Funeral realiza-se sábado em Cabo Verde

O funeral realiza-se no próximo sábado, 18 de Janeiro, na ilha do Fogo.

Este caso deu origem a várias manifestações de solidariedade. No sábado passado, centenas de pessoas, vestidas com t-shirts brancas, juntaram-se em Lisboa e em Bragança para homenagear Giovani Rodrigues. No mesmo dia, na Praia, mais de mil pessoas exigiram justiça. Essa manifestação acabou por ficar descontrolada junto à embaixada portuguesa, com os participantes a derrubarem várias barreiras policiais.

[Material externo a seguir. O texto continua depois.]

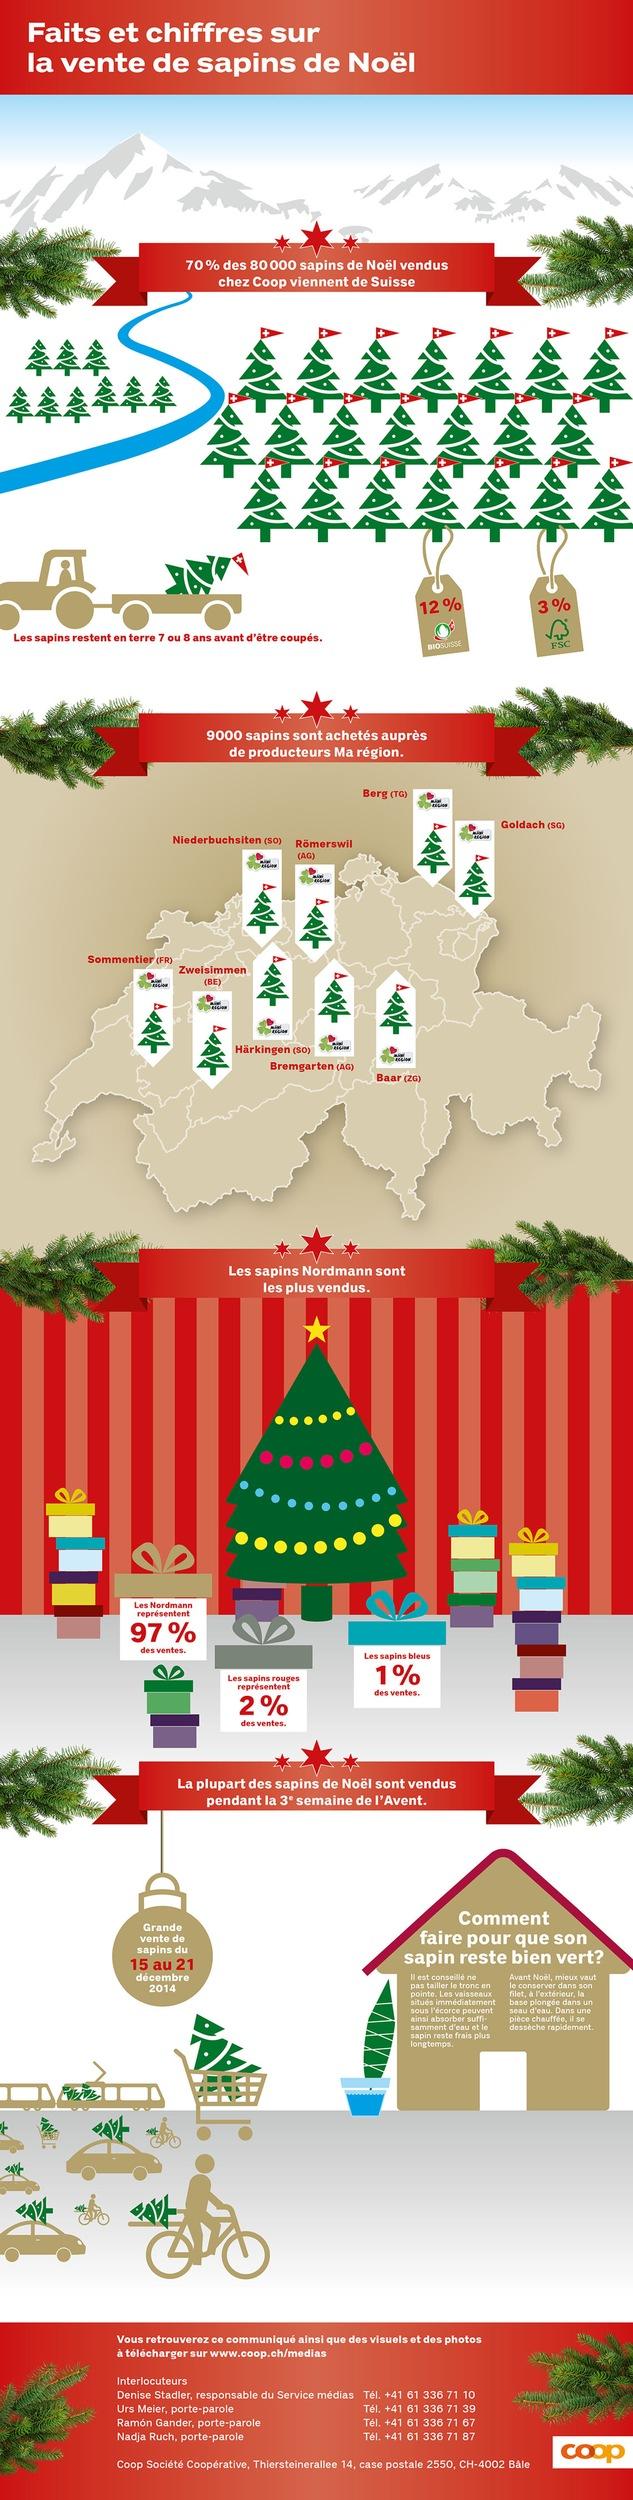 7 sapins de Noël sur 10 proviennent de Suisse / Des paroles aux actes n° 300: Coop mise sur des sapins de Noël suisses

No protesto de sábado, ecoaram as críticas à actuação das autoridades portuguesas. O director da PJ já fez questão de realçar que a Judiciária teve a preocupação de dar “uma palavra de estímulo e conforto” ao pai de Giovani e também ao embaixador de Cabo Verde em Portugal. Face à repercussão deste caso, Luís Neves frisou que Bragança é um território de grande acolhimento, nomeadamente para o povo “irmão” e “amigo” de Cabo Verde, que “é bem-vindo”.